> **WHAT YOU SHOULD DO**
Write out the listing exactly, dropping any picture it contains.

> **GIVEN MATERIAL**
####################
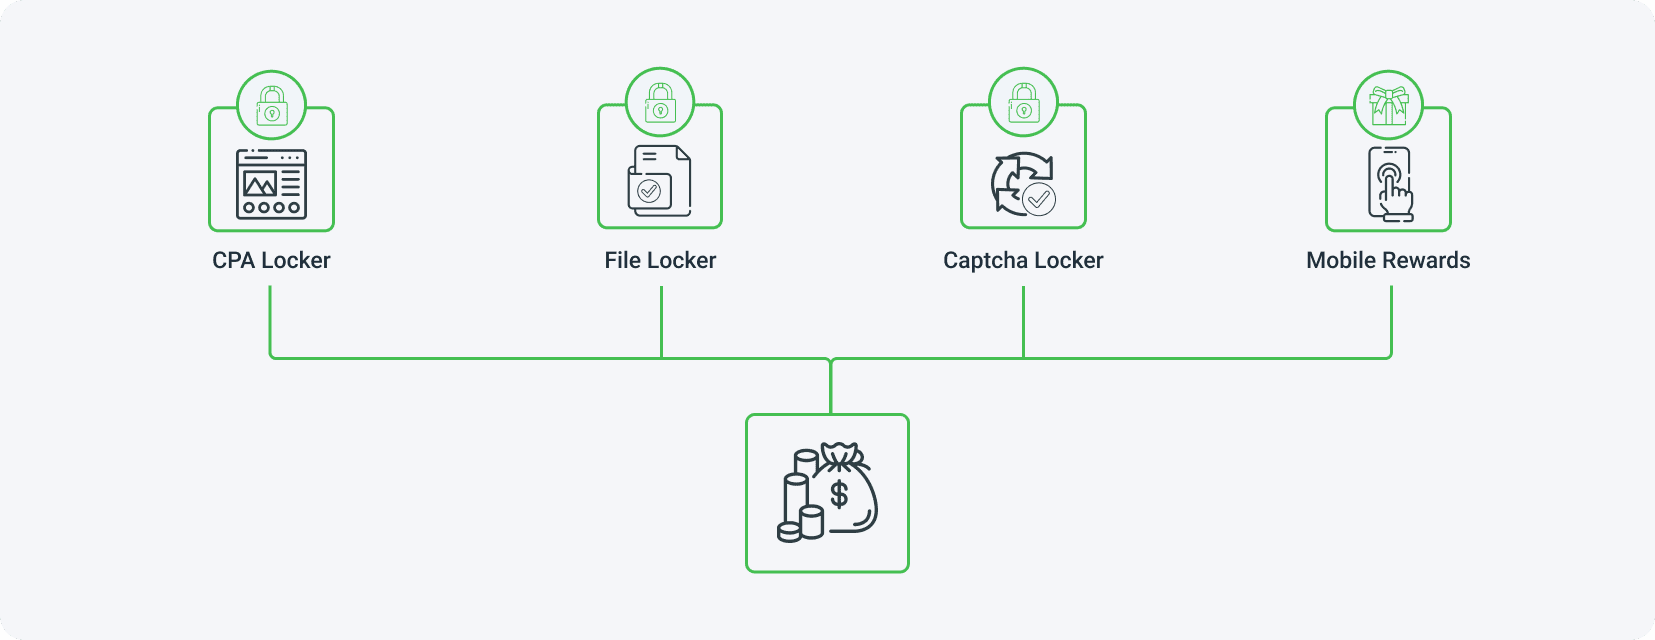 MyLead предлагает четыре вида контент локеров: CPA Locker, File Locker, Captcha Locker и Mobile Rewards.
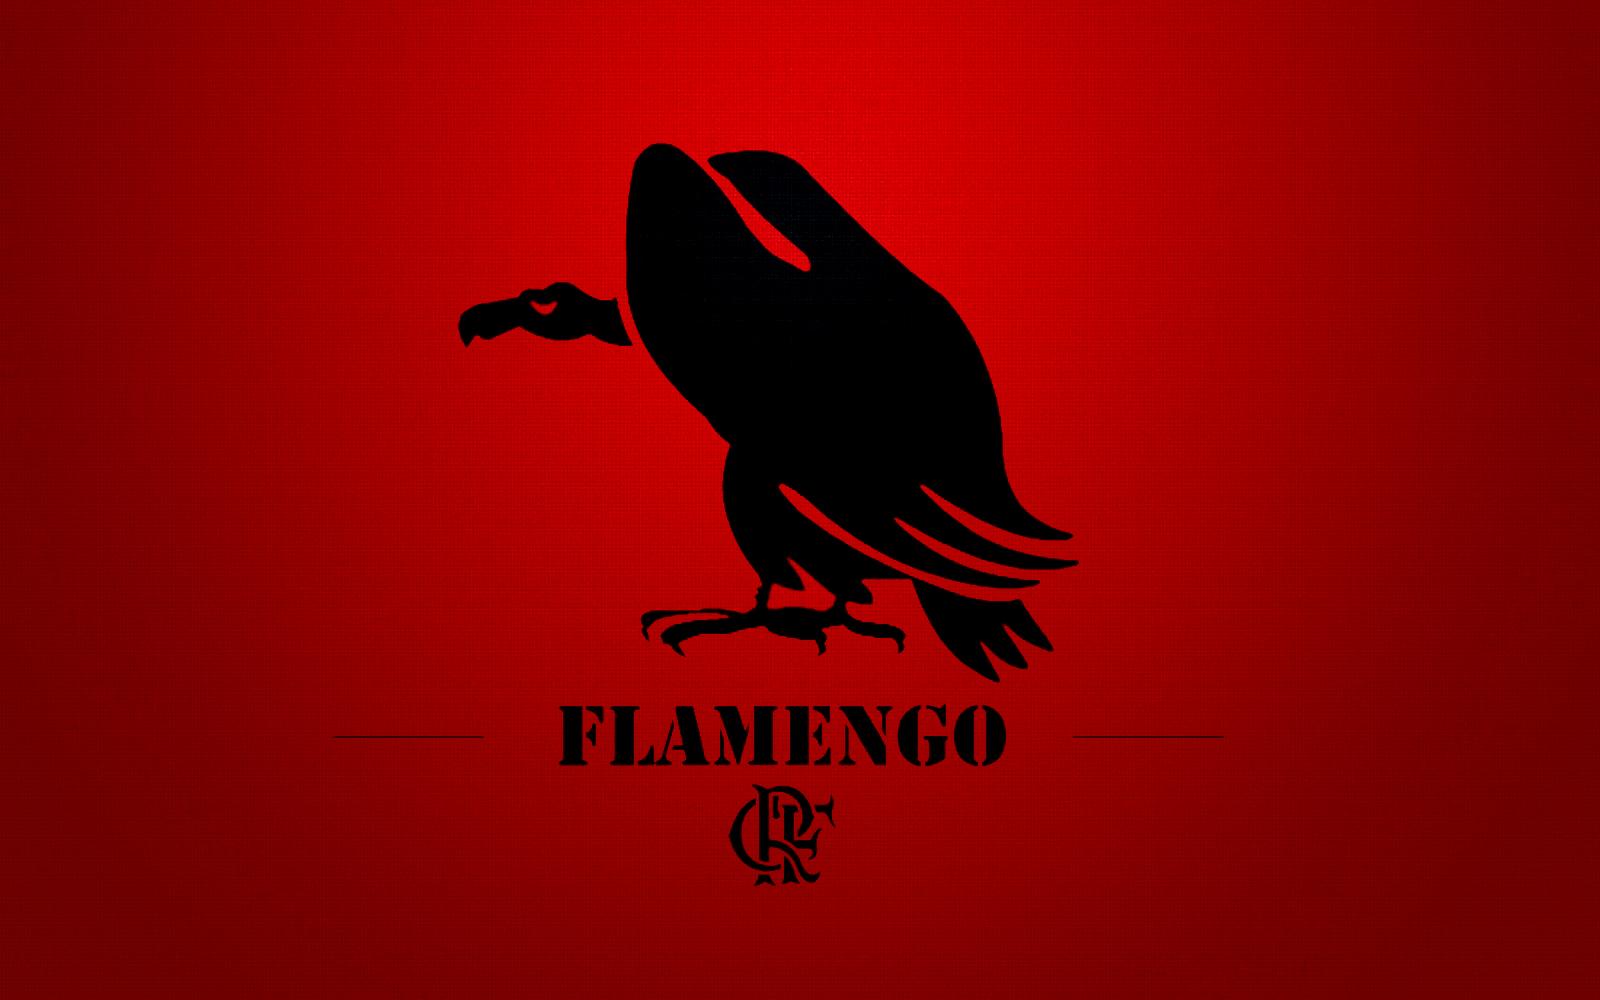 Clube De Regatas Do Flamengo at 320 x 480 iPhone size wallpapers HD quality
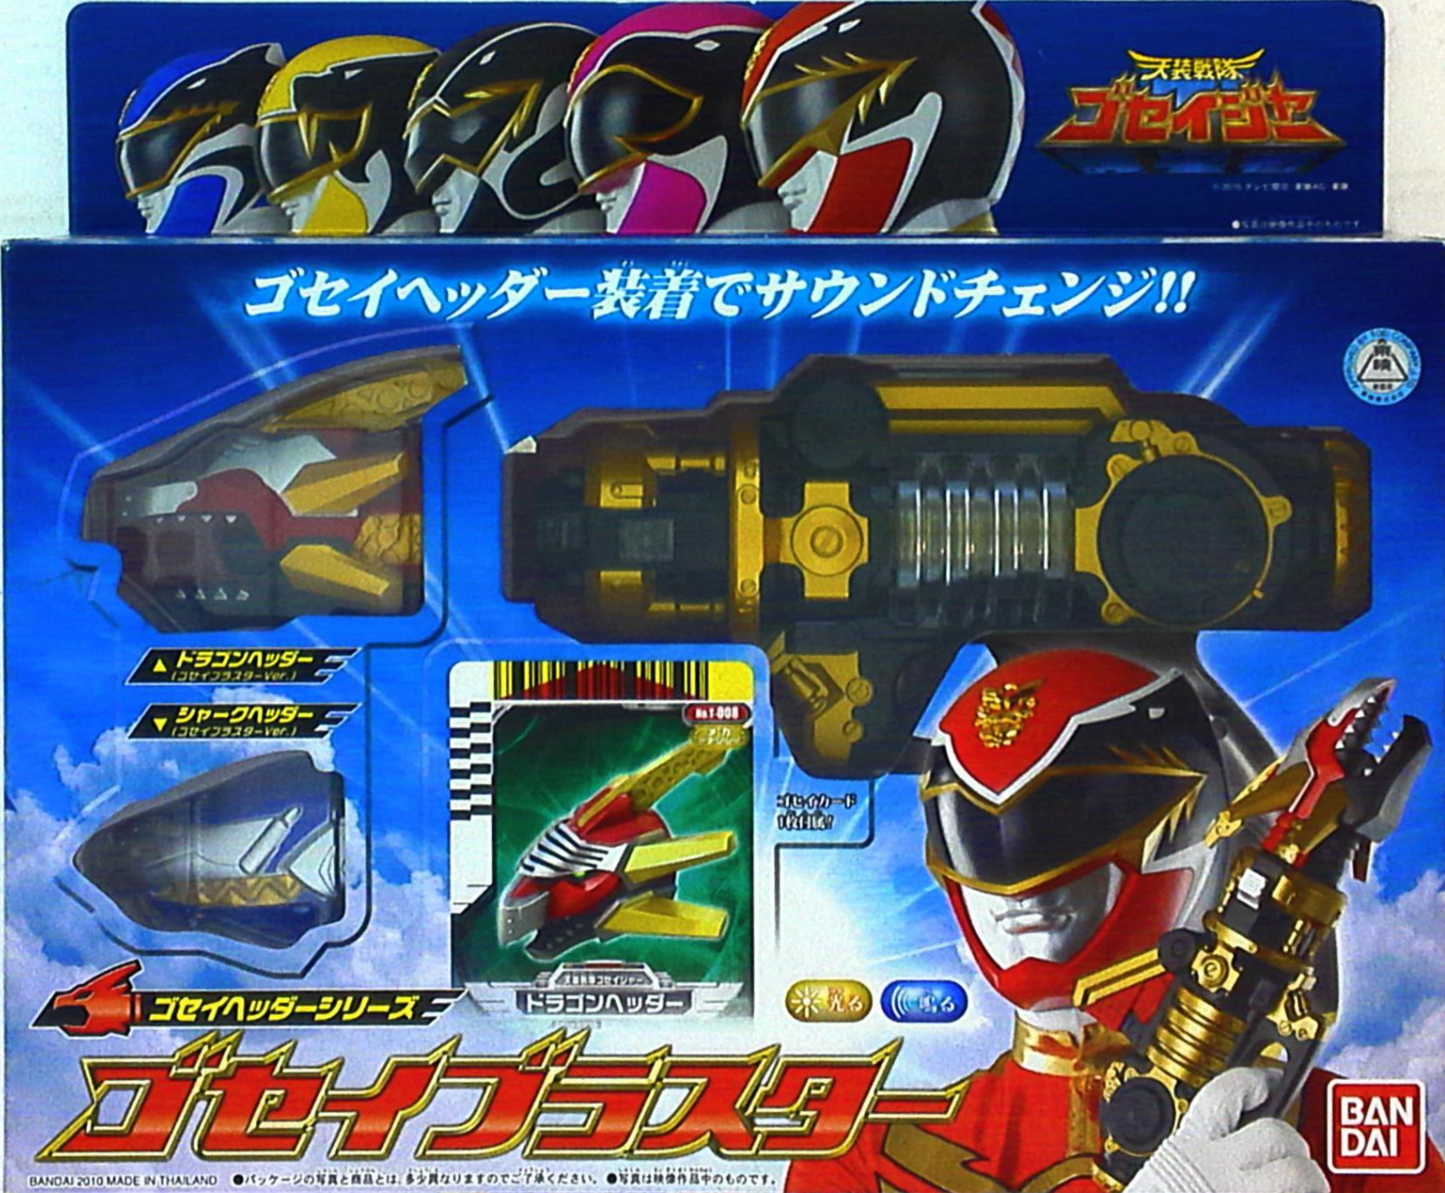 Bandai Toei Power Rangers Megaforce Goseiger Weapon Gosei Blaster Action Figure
####################
> **EXERCISE RESPONSE**
 MyLead предлагает четыре вида контент локеров: CPA Locker, File Locker, Captcha Locker и Mobile Rewards.
 Clube De Regatas Do Flamengo at 320 x 480 iPhone size wallpapers HD quality
 Bandai Toei Power Rangers Megaforce Goseiger Weapon Gosei Blaster Action Figure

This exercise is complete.